# Feral Hive in Carport Attic



## Aisha (May 2, 2007)

I posted about this removal earlier. Thanks for the advice! I am removing this hive on Saturday. They are docile and have been there years. The brood nest I can see is on the right side. Seems to be a lot of empty comb. The owner said opossums had been getting into it. 



















I am either going to pop that bottom roof panel out or do a cutout in front and to the right of it. I am afraid if I pop out the "floor" of the hive there might be brace comb that would fall with it and make a mess. 

Any guess on what I'll find behind all that empty comb?


----------



## iddee (Jun 21, 2005)

Personally, I would ten times rather work overhead than under foot. I would remove the ceiling and expose the bottom of the hive. 

Start by removing the comb nearest the outside of the building and work inward. You will have a much better chance of getting the queen. If you work toward the outside of the building, she will move ahead of you and disappear into the side wall.


----------



## Aisha (May 2, 2007)

Thanks, Iddee. I hadn't thought about what end to start on. That makes good sense. I really want to get the queen. 

These combs look like they are ready to jump into my bucket!


----------



## JP (Jul 10, 2005)

I would do like Iddee says & pop the carport ceiling out. The combs don't look like they have much age on them, perhaps the possums ate up an older colony that swarmed out, but Imo, this particular colony according to the pics is less than 2yrs old, quite possibly less than a yr old, lots of light comb here.

Oh, have fun, and take lots of pics.


...JP


----------



## WVbeekeeper (Jun 4, 2007)

Typically bees will not attach the bottom of their comb to anything. There is some comb that got too heavy with honey and fell onto the top of the ceiling. If you could reach in there and cut away the comb which has fallen from the other comb, especially the brood comb, you probably would not tear any of the other comb out when you remove the ceiling of the carport.


----------



## Aisha (May 2, 2007)

WVbeekeeper said:


> If you could reach in there and cut away the comb which has fallen from the other comb, especially the brood comb, you probably would not tear any of the other comb out when you remove the ceiling of the carport.

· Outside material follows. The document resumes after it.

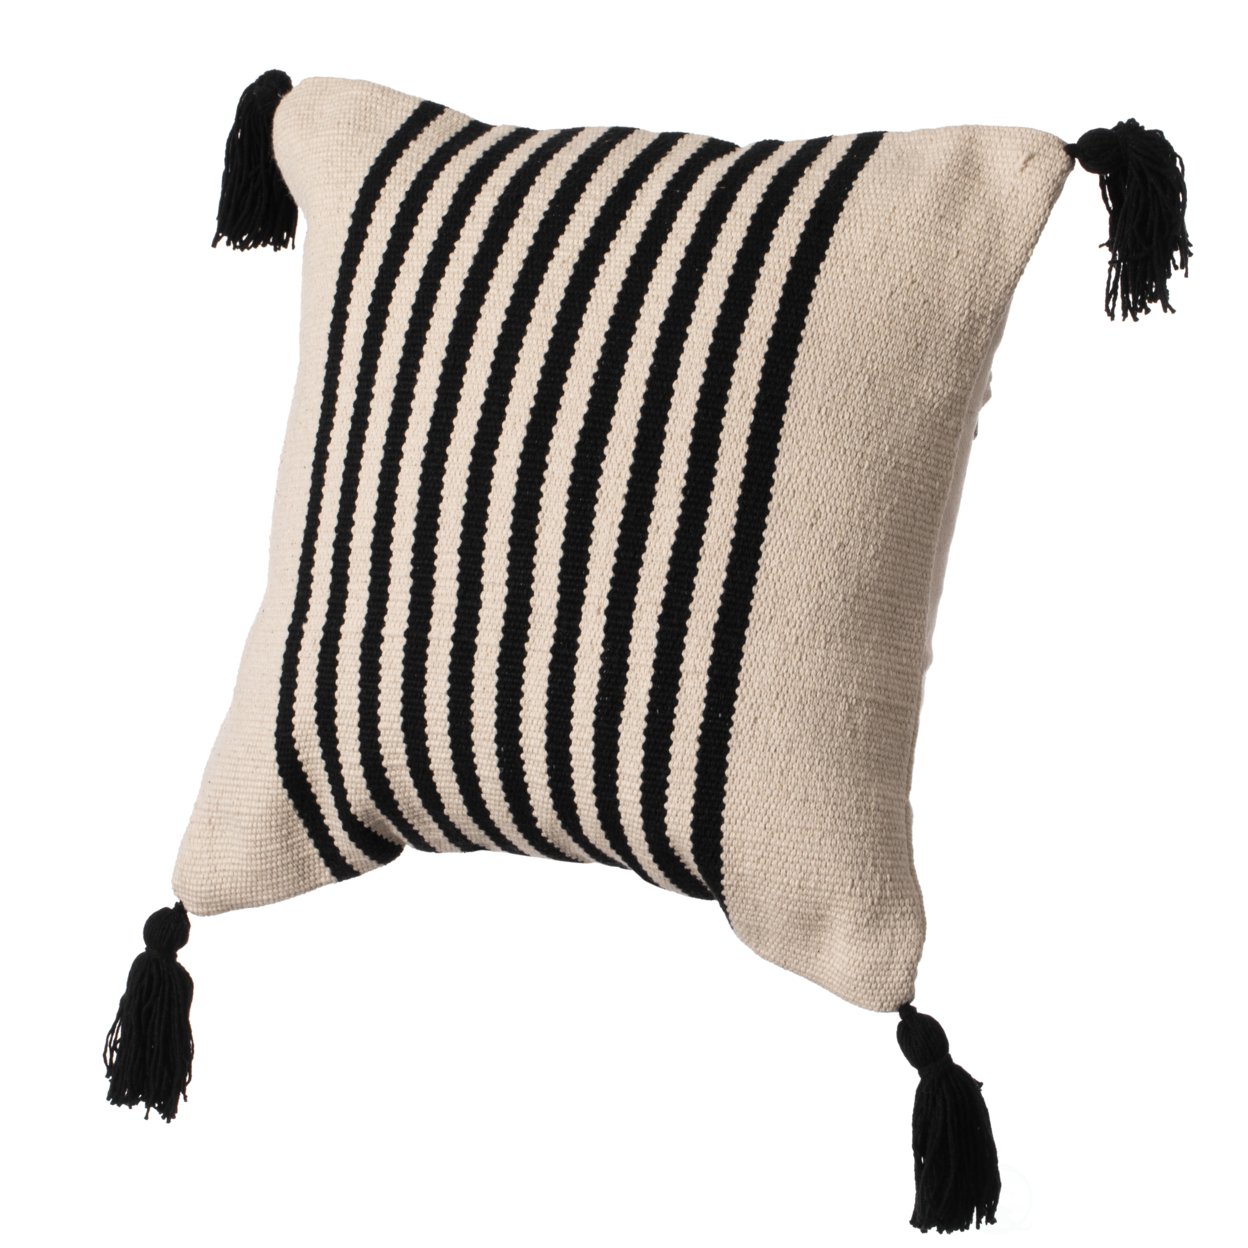 16" Handwoven Cotton Throw Pillow Cover with Striped Lines, Black - black with cushion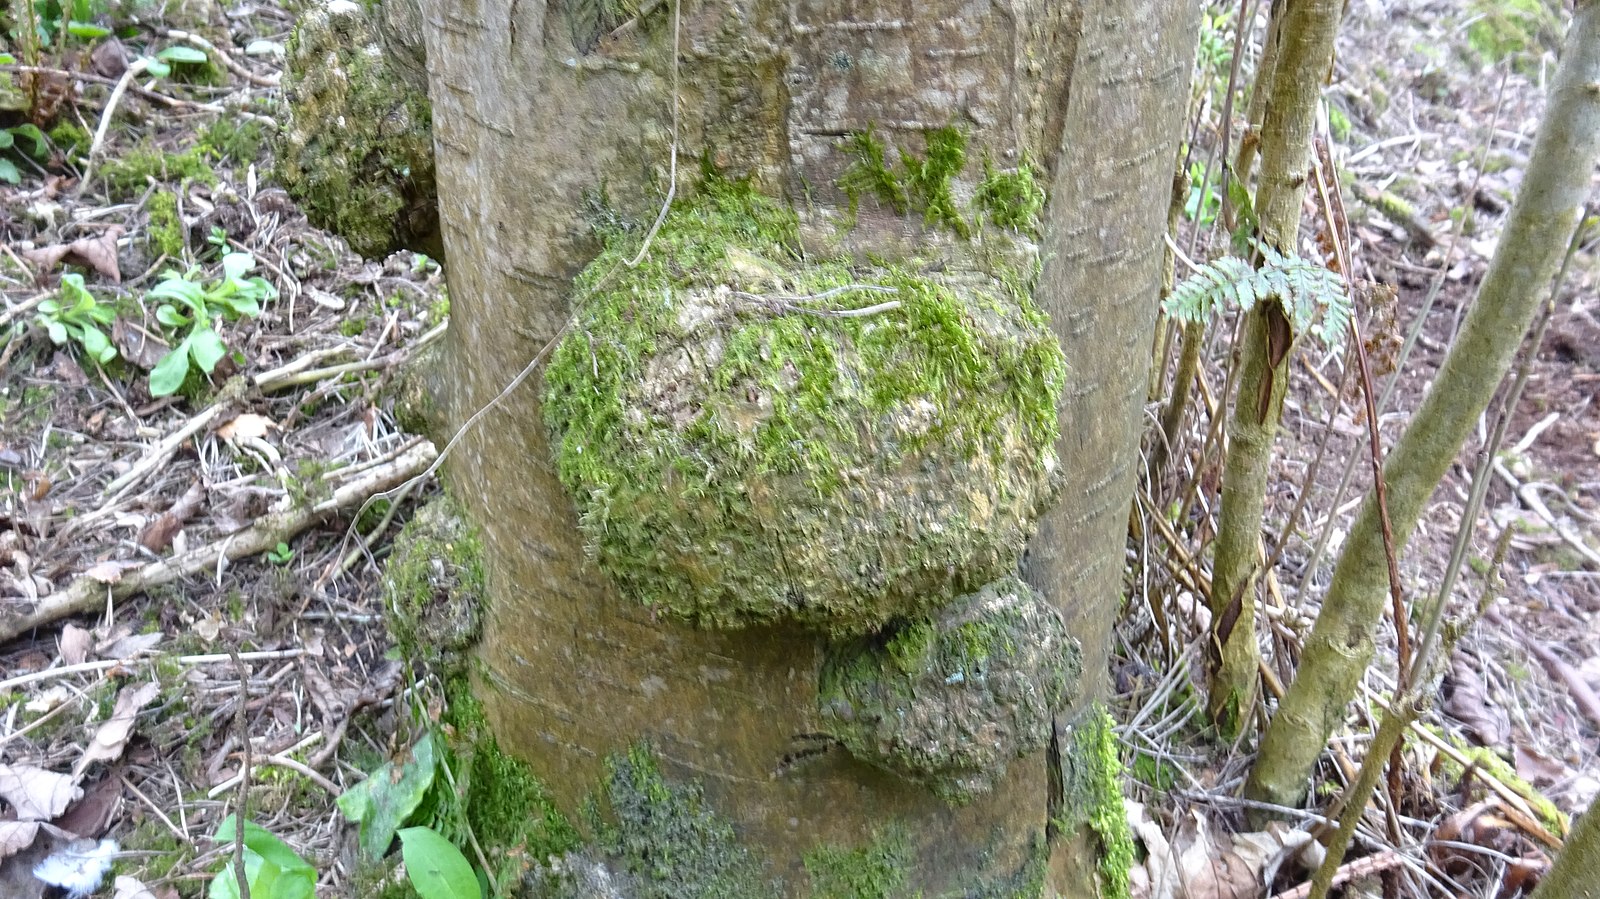 a spherical growth on the trunk of a tree

Thanks, Cass! I got your hinged medium wired frames today and they came in a nick of time. I can't wait to use them.


----------



## Aisha (May 2, 2007)

JP said:


> I Imo, this particular colony according to the pics is less than 2yrs old, quite possibly less than a yr old, lots of light comb here.
> ...JP


I thought the same thing, JP. It looks white and newish. I hope the owner didn't try to put a flea bomb up there. I'll have to ask him directly about that. 

Maybe they just swarmed and this is what's left.


----------



## peggjam (Mar 4, 2005)

If you have access to a long, slim piece of metal, you could slice any brace comb from the ceiling before removing the pannel. Something like a piece of roofing tin, cut down to a long, narrow piece....just a thought.


----------